Even at 40 years old, the Navy tried to recruit me as a chaplain this summer when I was at General Assembly. That's just not where I am called, though.


----------



## Pilgrim (Aug 28, 2022)

For years I've heard that there are "too many" Reformed seminaries churning out too many graduates compared to the available pulpits. (There are more seminaries than there were 20-25 years ago, and way more than 40-50 years ago.)

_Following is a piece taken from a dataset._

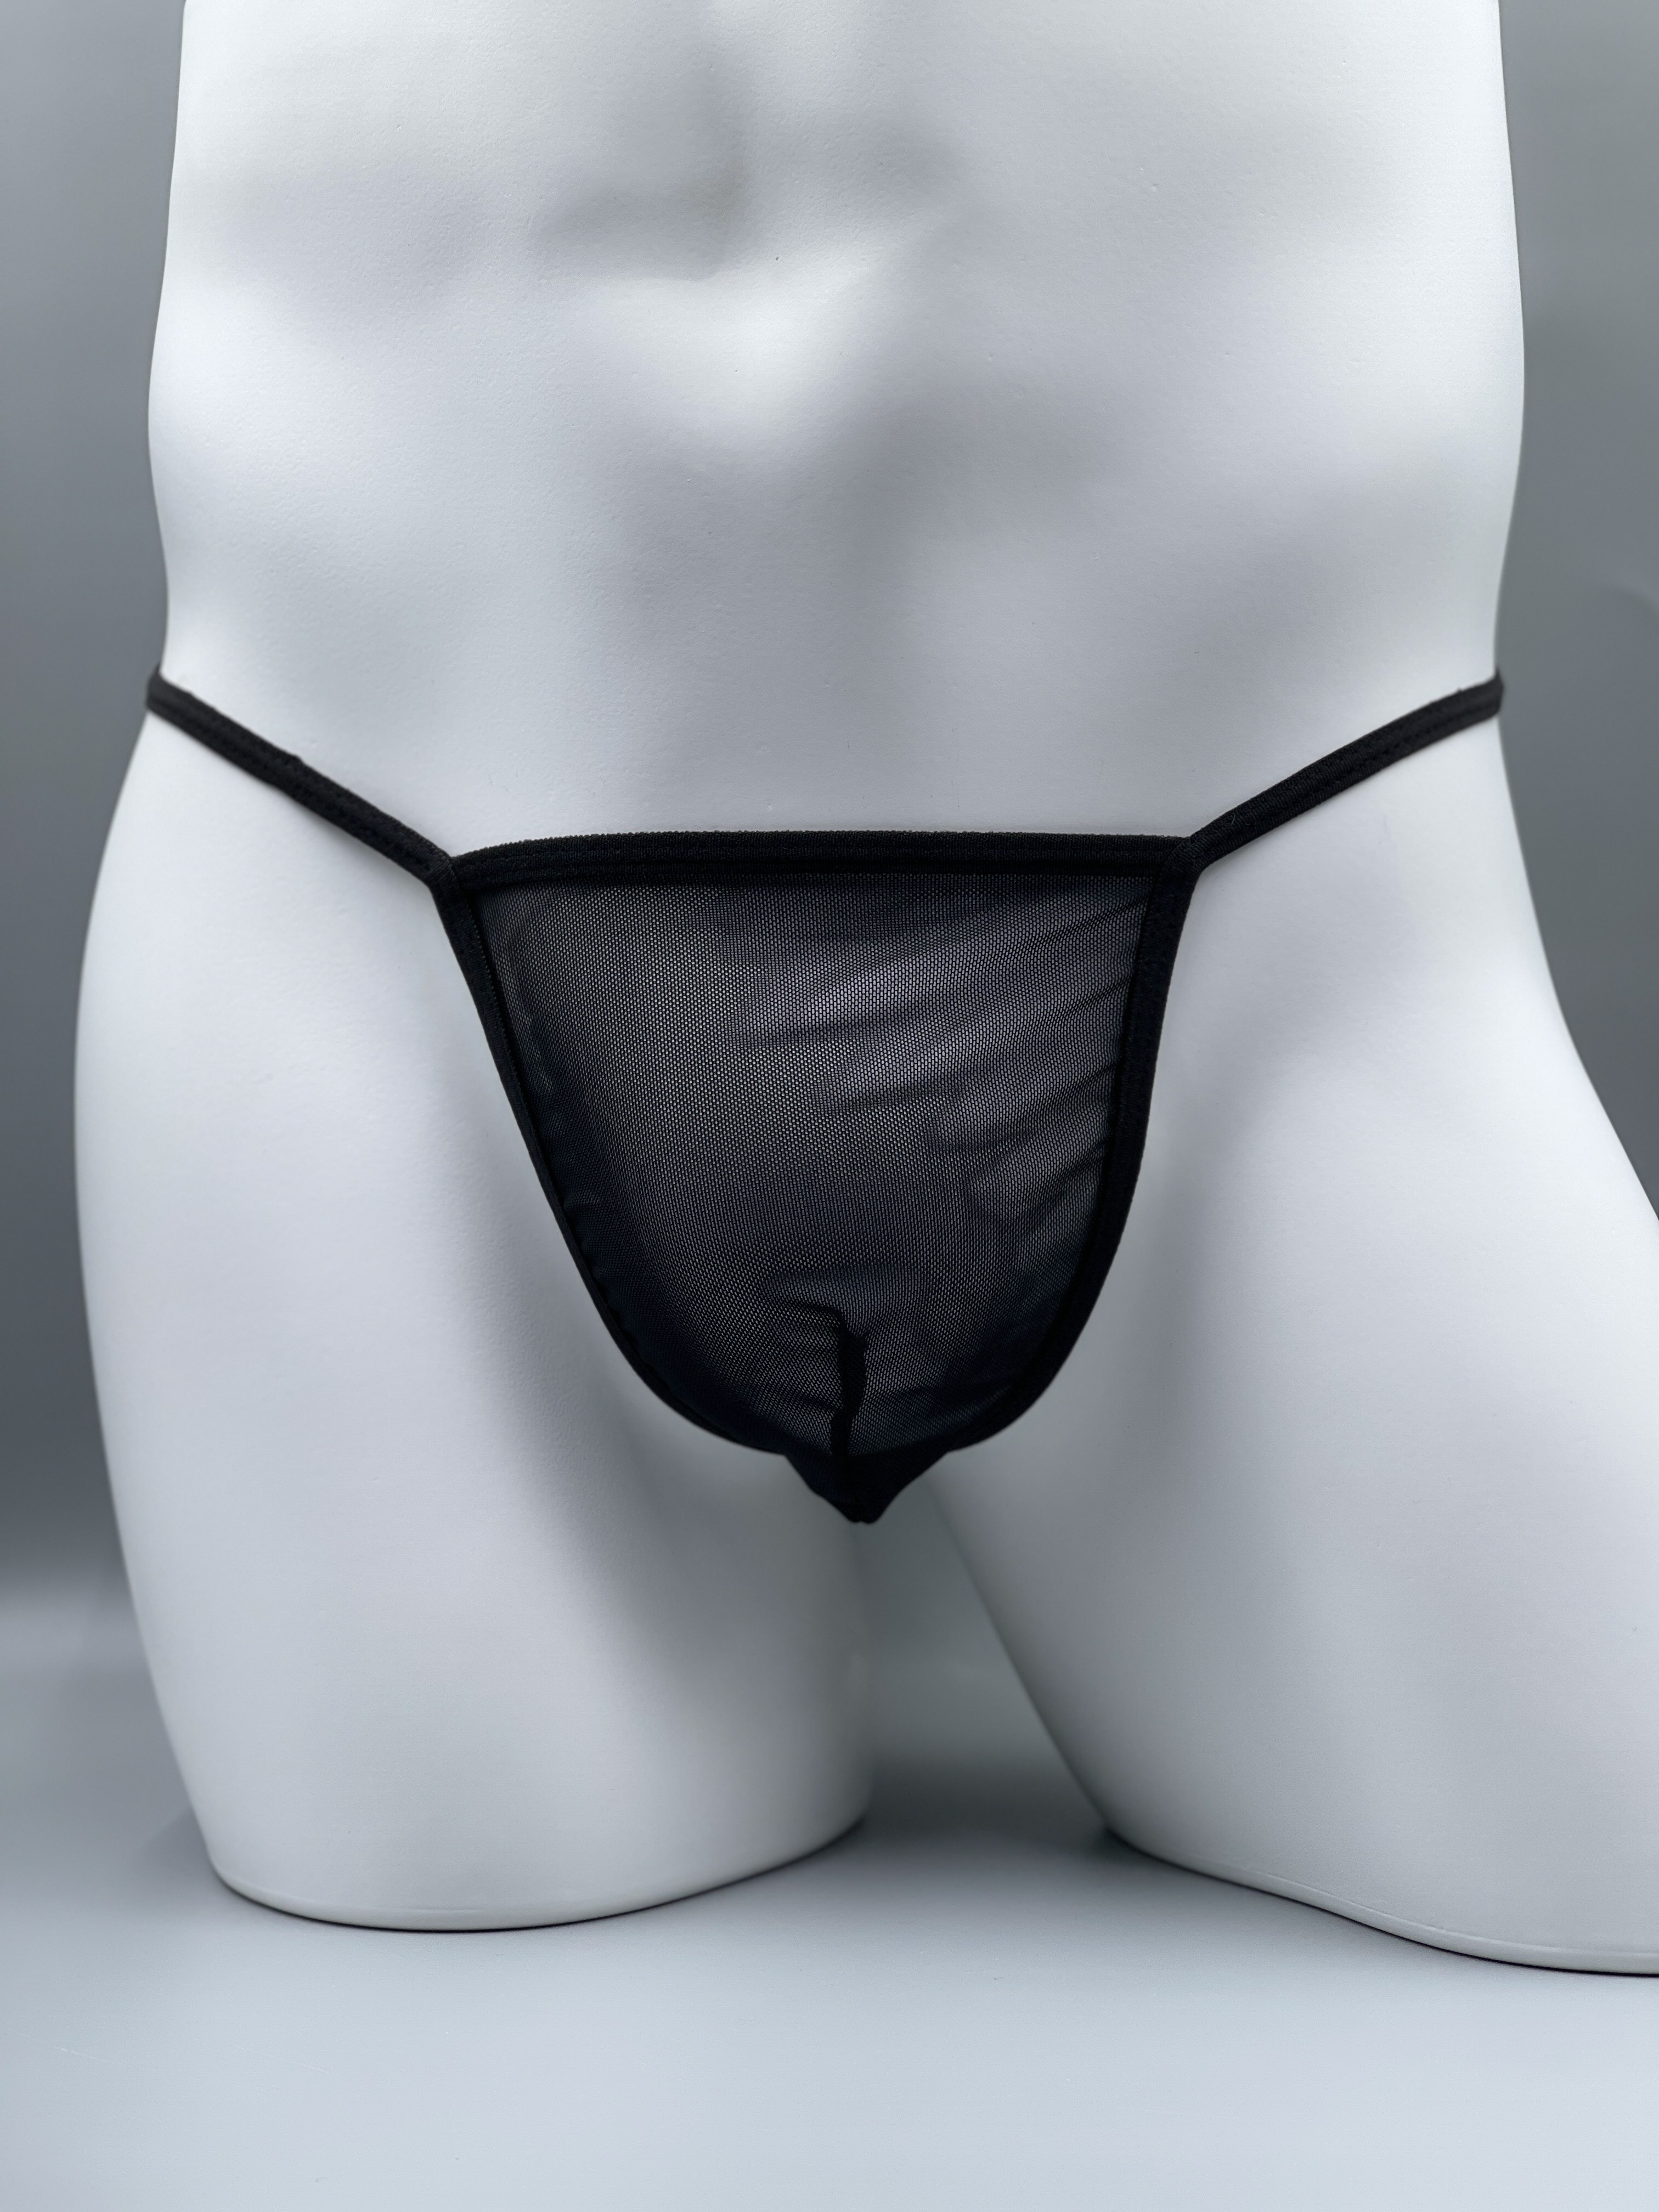 Exploring Fetish and BDSM Themes in Men's Thong Underwear

But I saw something recently that indicated that most pastors are older and that when they retire in the next few years there will be a big shortage. So I don't know what to believe anymore. Enrollment is said to be down in many seminaries. It may have been about evangelical churches in general but I'm pretty sure I saw something about Reformed churches too.


----------



## Polanus1561 (Aug 28, 2022)

Pilgrim said:


> For years I've heard that there are "too many" Reformed seminaries churning out too many graduates compared to the available pulpits. (There are more seminaries than there were 20-25 years ago, and way more than 40-50 years ago.)
> 
> But I saw something recently that indicated that most pastors are older and that when they retire in the next few years there will be a big shortage. So I don't know what to believe anymore. Enrollment is said to be down in many seminaries. It may have been about evangelical churches in general but I'm pretty sure I saw something about Reformed churches too.


I don’t think enrolment is down for Reformed seminaries. And do consider that there are more foreign students at seminaries as the years go by. The rise of Reformed theology in Asia, Mexico, South America play a big part in this


----------



## Pilgrim (Aug 28, 2022)

John Yap said:


> I don’t think enrolment is down for Reformed seminaries. And do consider that there are more foreign students at seminaries as the years go by. The rise of Reformed theology in Asia, Mexico, South America play a big part in this


Then there is the online option that wasn't existent 20 years ago.

I do know a good many Reformed ministers in their 60s and 70s. But I'm not sure how much higher the percentage of that is now compared to a generation ago. My knowledge is merely anecdotal and limited to be sure.


----------



## ZackF (Aug 29, 2022)

I think the long-term prognosis is indeed bi-vocationalism or tent-making if you will. The Church is going to have to, out of necessity, be willing to call, accept and pay part-time pastors for much longer periods than has been usual. Whether or not the online seminary phenomenon is a net gain or loss, it no doubt has contributed to a large increase in pastoral candidates. Are we willing to entertain the thought that a man could readily prepare for the ministry with the expectation that he will make tents for many years? In some ways this financially less dependent pastoral base could be a benefit to the church in many areas. If the expectations are clear, men be more likely to accept callings in more remote pulpits- domestic and foreign.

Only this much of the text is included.